MORE ABOUT THE IMAGES

Douglas and the Culture of Character: This advertisement for W.L. Douglas shoes vividly illustrates popular nineteenth-century American ideas about manhood and success.  The ad promotes W.L. Douglas shoes in an appeal emphasizing the qualities of Douglas the shoemaker, a self-made man sincerely dedicated to the craft he began learning it as a young child.  Cultural historian Warren Susman has argued that nineteenth-century America “was a culture of character” rooted in “producer values” that idealized thrift, discipline, work, morality, duty, citizenship, and reputation.  Americans considered these qualities prerequisites for true success.  Douglas has these qualities.  He contrasts both the nineteenth-century drunkard who weakly squandered money and became a slave to alcohol, and the confidence man, who spent his energies in criminal schemes hinging on the cultivation of false social impressions.  Douglas is a hard-working man who has achieved self-mastery by directing his energies inward to develop discipline.  He frequently spends his days in Boston thriftily purchasing his own supplies to eliminate the  middleman costs, which, the ad assures readers, his stores do as well.  Upon returning from Boston, he often works alone late into the night.  Relentlessly efficient and productive, Douglas is a sincere man of character, and character translates into affordable shoes with quality.

“Bradley” and the Culture of Personality: This 1922 ad for “Nerve,” a series of six pocket-sized self-improvement courses created by William G. Clifford and promoted by Fairfield Publishers, Inc., offers a new narrative of success, one that differs from the W.L. Douglas shoe ad in historically important ways.  Here the individual–a man named Bradley–is subjected to a new set of psychological demands for self-mastery conveying a new model of success.  In this ad the language of character has been replaced with the new language of what Susman identifies as emerging culture of “personality,” which generated new models of success and manhood emphasizing self-confidence, self-realization, and self-gratification, and celebrating the kinds of impression manipulation that formerly signaled the immorality of the nineteenth-century confidence man.
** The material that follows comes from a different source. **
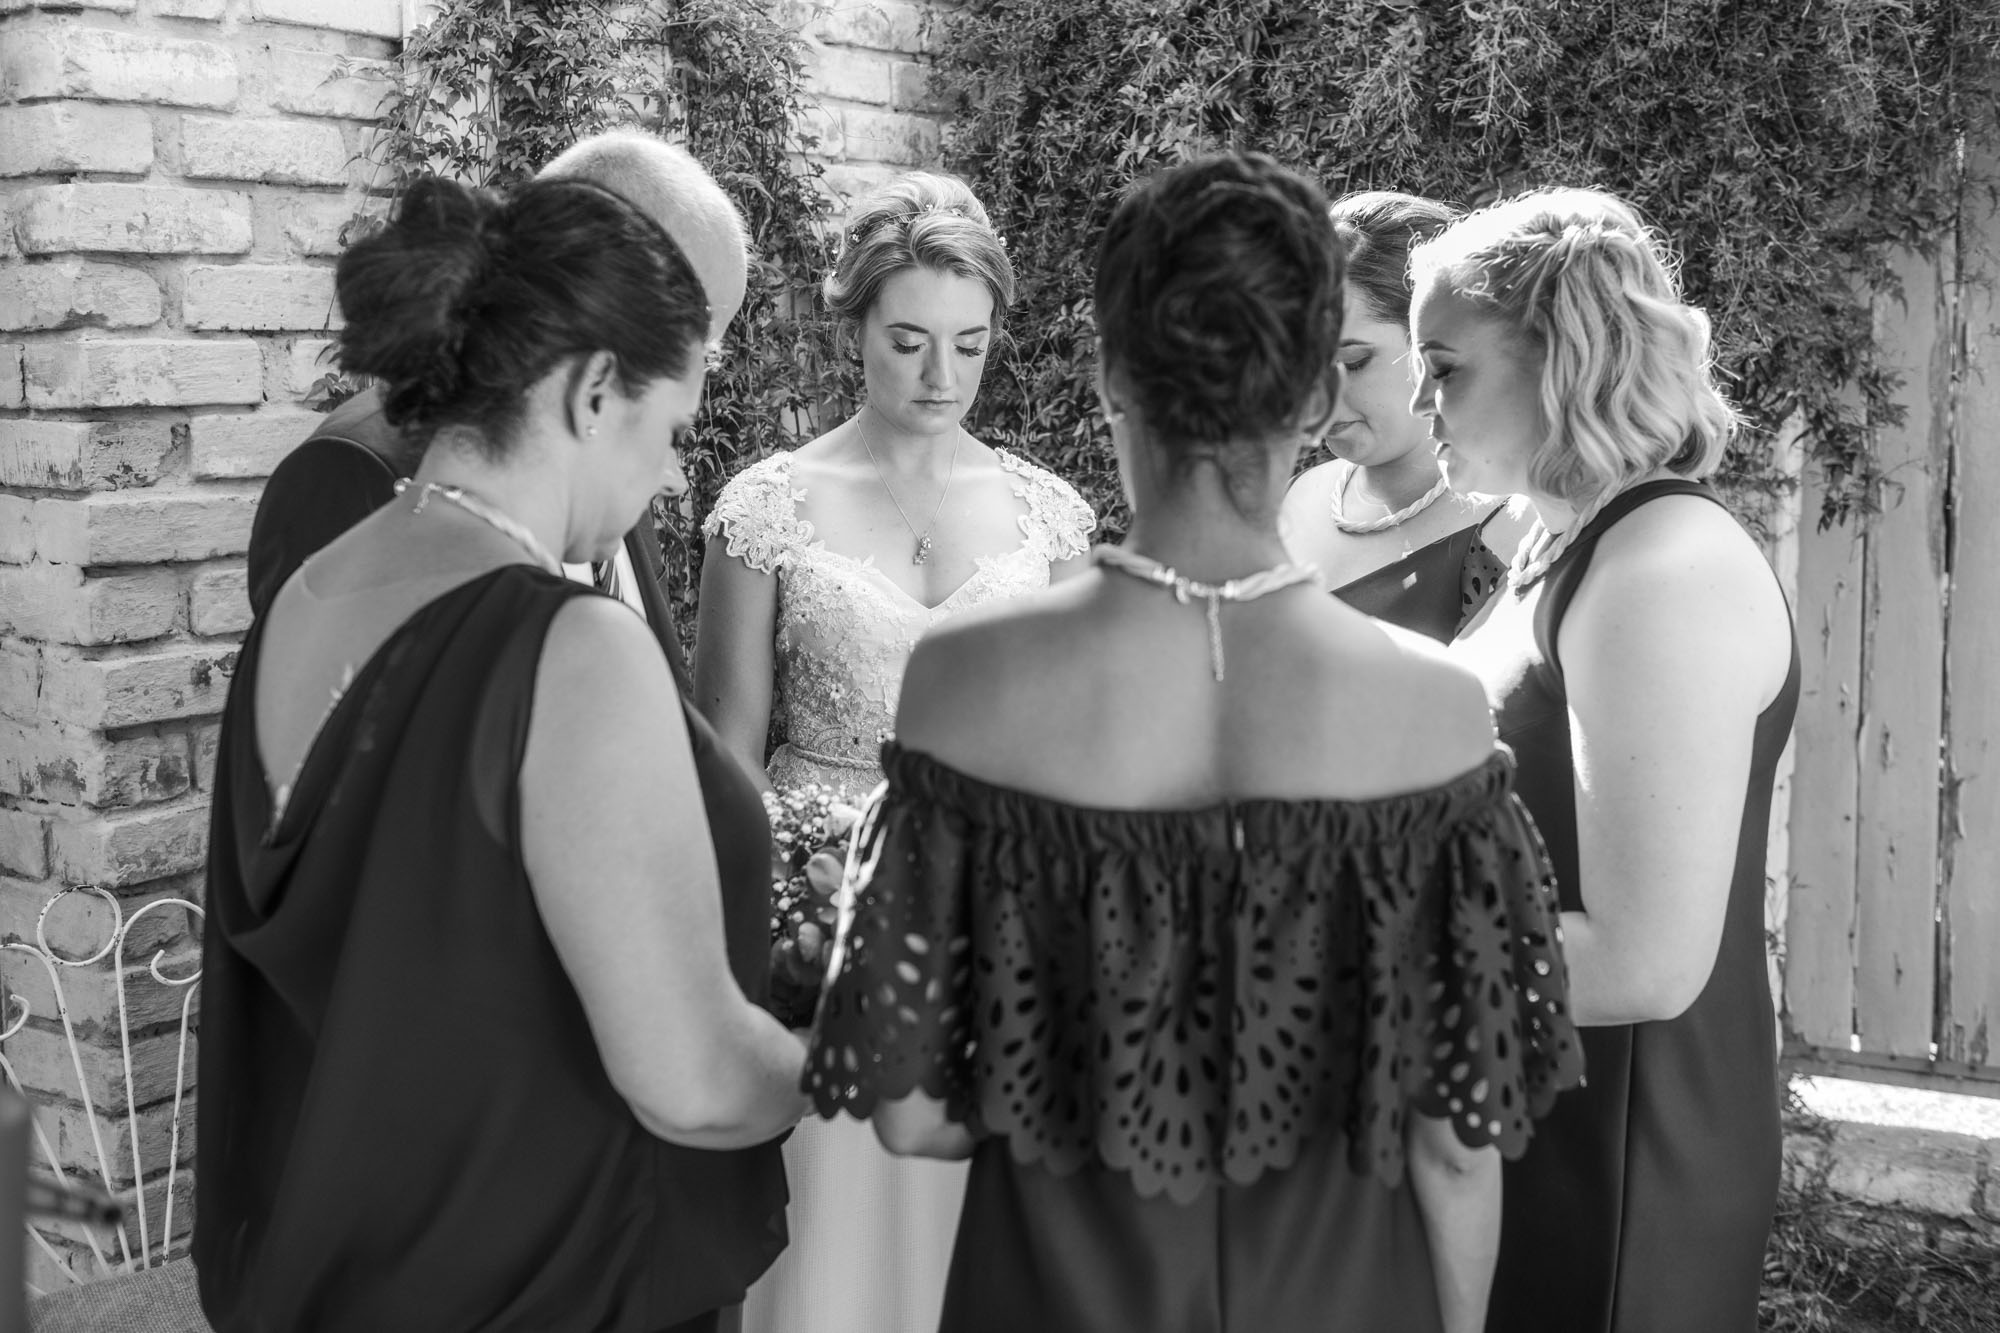 085a-affordable-wedding-photographers-johannesburg085a-affordable-wedding-photographers-johannesburg_a.jpg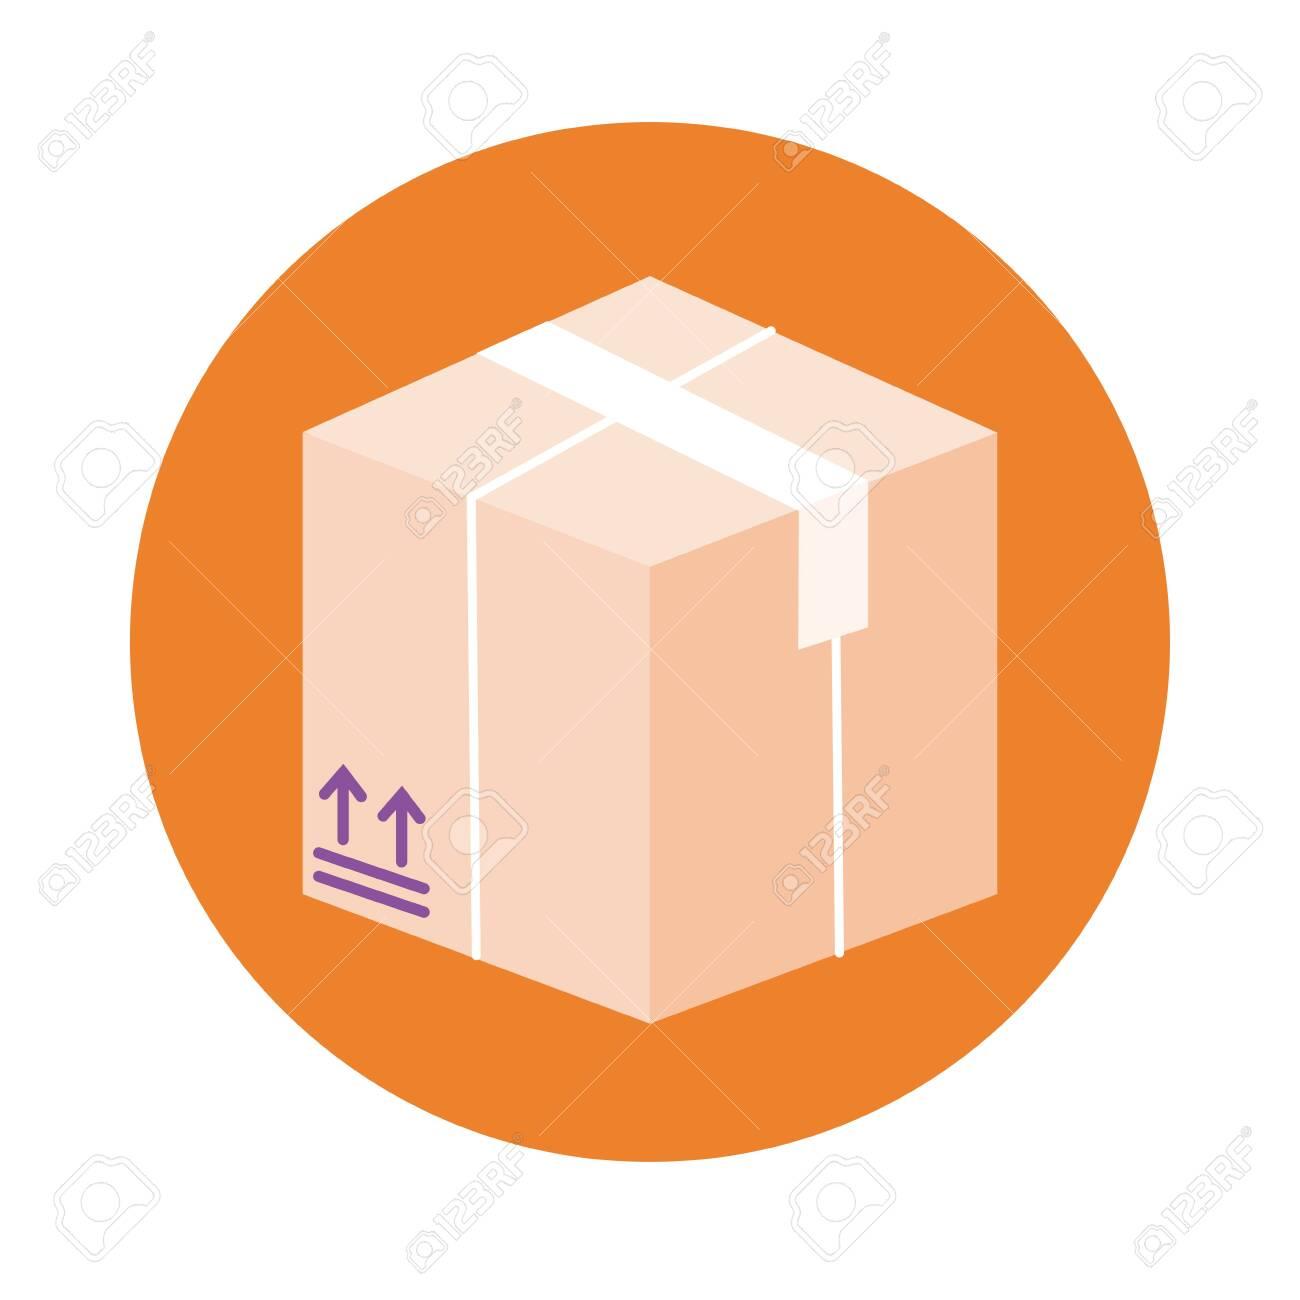 box delivery service block style vector illustration design - 155529778

The ad informs readers that Bradley, who once lacked self-confidence and a sense of self-worth, has become a man whose “vividness and charm” magnetically attract “favorable attention,” and a man consequently awarded with a $12,000-a-year job. Whereas the Douglas ad featured imagery of individual productivity, this ad shows Bradley walking into a room and commanding favorable attention.  Bradley is a success because he is well-liked and charming.  His self-improvement bears little or no resemblance to Douglas’s thrift, hard work, and long-honed skills at producing a purchasable good.  Instead, Bradley is a success because he has “gain[ed] the self-assurance that strongly impresses people,” “overcome nervousness,” developed “an impressive and winning personality,” and mastered the ability to “deal with ‘big’ people as easily” as easily as he interacts with “his closest friends” by learning to “dominate and control” both “business and personal conditions.”

SUGGESTED READING:
Karen Halttunen, Confidence Men and Painted Women:  A Study of Middle Class Culture, 1830-1870.
Jackson Lears, Fables of Abundance:  A Cultural History of Advertising in America.
Roland Marchand, Advertising and the American Dream:  Making Way for Modernity, 1920-1940.
Warren Susman, Culture as History:  The Transformation of American Society in the Twentieth Century (see especially “Personality and the Making of Twentieth-Century Culture,” pgs. 271-285).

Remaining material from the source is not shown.